The identification of a similar member, such as a similar search
keyword, may be used to identify which advertisements to display
for sponsored searching.
[0070] Referring to FIG. 6, an illustrative embodiment of a general
computer system is shown and is designated 600. The user device
106, ad server 103, the search engine 102, the search log database
112, the data source 113, the unit dictionary 116, and/or the
language analyzer 104 may be a computer or computing devices, such
as the computer system 600 or any of its components. The computer
system 600 can include a set of instructions that can be executed
to cause the computer system 600 to perform any one or more of the
methods or computer based functions disclosed herein. The computer
system 600 may operate as a standalone device or may be connected,
e.g., using a network, to other computer systems or peripheral
devices.
[0071] In a networked deployment, the computer system may operate
in the capacity of a server or as a client user computer in a
server-client user network environment, or as a peer computer
system in a peer-to-peer (or distributed) network environment. The
computer system 600 can also be implemented as or incorporated into
various devices, such as a personal computer (PC), a tablet PC, a
set-top box (STB), a personal digital assistant (PDA), a mobile
device, a palmtop computer, a laptop computer, a desktop computer,
a communications device, a wireless telephone, a land-line
telephone, a control system, a camera, a scanner, a facsimile
machine, a printer, a pager, a personal trusted device, a web
appliance, a network router, switch or bridge, or any other machine
capable of executing a set of instructions (sequential or
otherwise) that specify actions to be taken by that machine. In a
particular embodiment, the computer system 600 can be implemented
using electronic devices that provide voice, video or data
communication. Further, while a single computer system 600 is
illustrated, the term "system" shall also be taken to include any
collection of systems or sub-systems that individually or jointly
execute a set, or multiple sets, of instructions to perform one or
more computer functions.
[0072] As illustrated in FIG. 6, the computer system 600 may
include a processor 602, e.g., a central processing unit (CPU), a
graphics processing unit (GPU), or both. The processor 602 may be a
component in a variety of systems. For example, the processor 602
may be part of a standard personal computer or a workstation. The
processor 602 may be one or more general processors, digital signal
processors, application specific integrated circuits, field
programmable gate arrays, servers, networks, digital circuits,
analog circuits, combinations thereof, or other now known or later
developed devices for analyzing and processing data. The processor
602 may implement a software program, such as code generated
manually (i.e., programmed).
[0073] The computer system 600 may include a memory 604 that can
communicate via a bus 608. The memory 604 may be a main memory, a
static memory, or a dynamic memory. The memory 604 may include, but
is not limited to computer readable storage media such as various
types of volatile and non-volatile storage media, including but not
limited to random access memory, read-only memory, programmable
read-only memory, electrically programmable read-only memory,
electrically erasable read-only memory, flash memory, magnetic tape
or disk, optical media and the like. In one embodiment, the memory
604 includes a cache or random access memory for the processor 602.

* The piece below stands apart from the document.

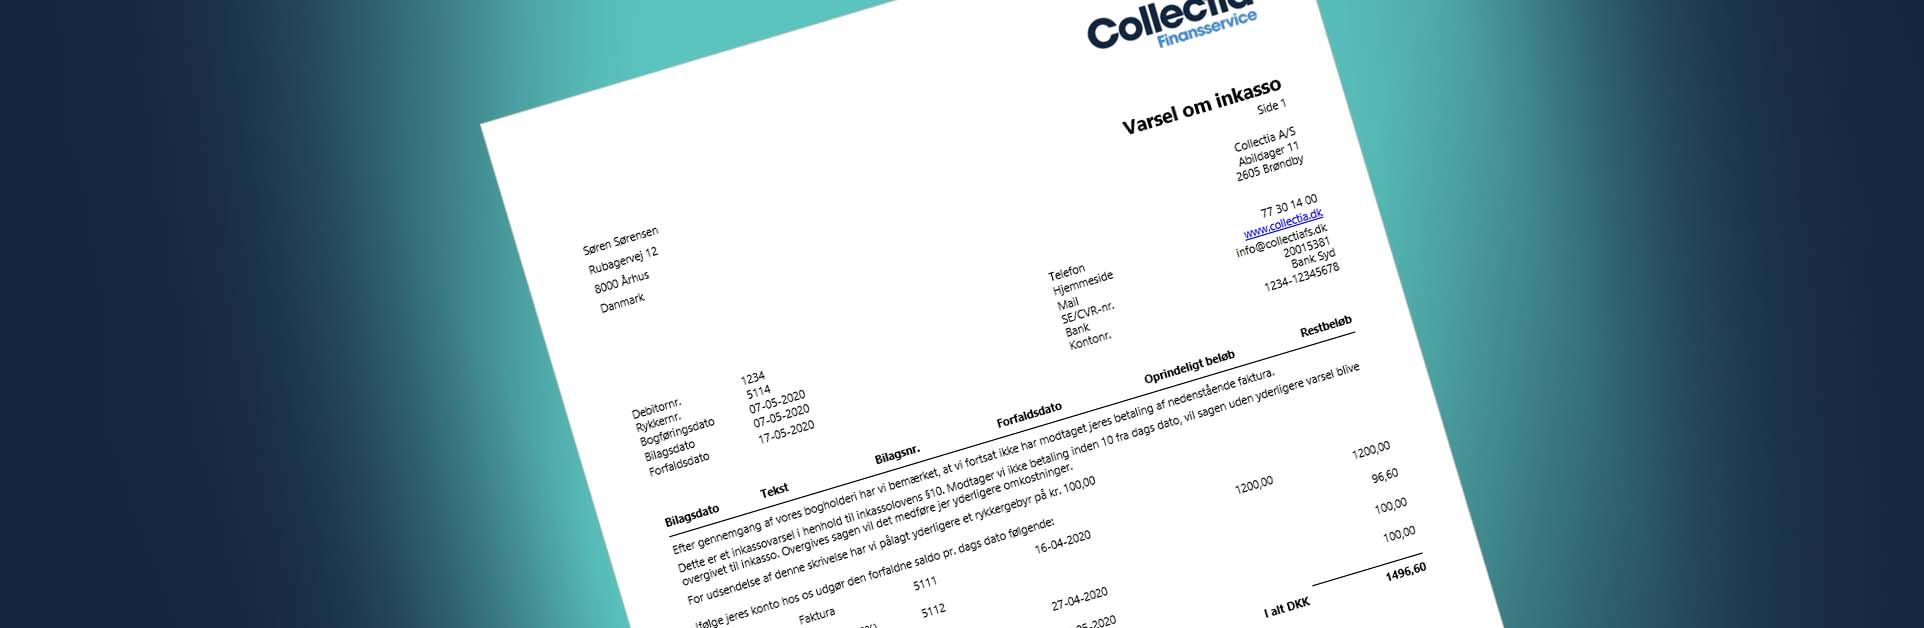 Send a debt collection notice - The ultimate guide - Collectia

In alternative embodiments, the memory 604 is separate from the
processor 602, such as a cache memory of a processor, the system
memory, or other memory. The memory 604 may be an external storage
device or database for storing data. Examples include a hard drive,
compact disc ("CD"), digital video disc ("DVD"), memory card,
memory stick, floppy disc, universal serial bus ("USB") memory
device, or any other device operative to store data. The memory 604
is operable to store instructions executable by the processor 602.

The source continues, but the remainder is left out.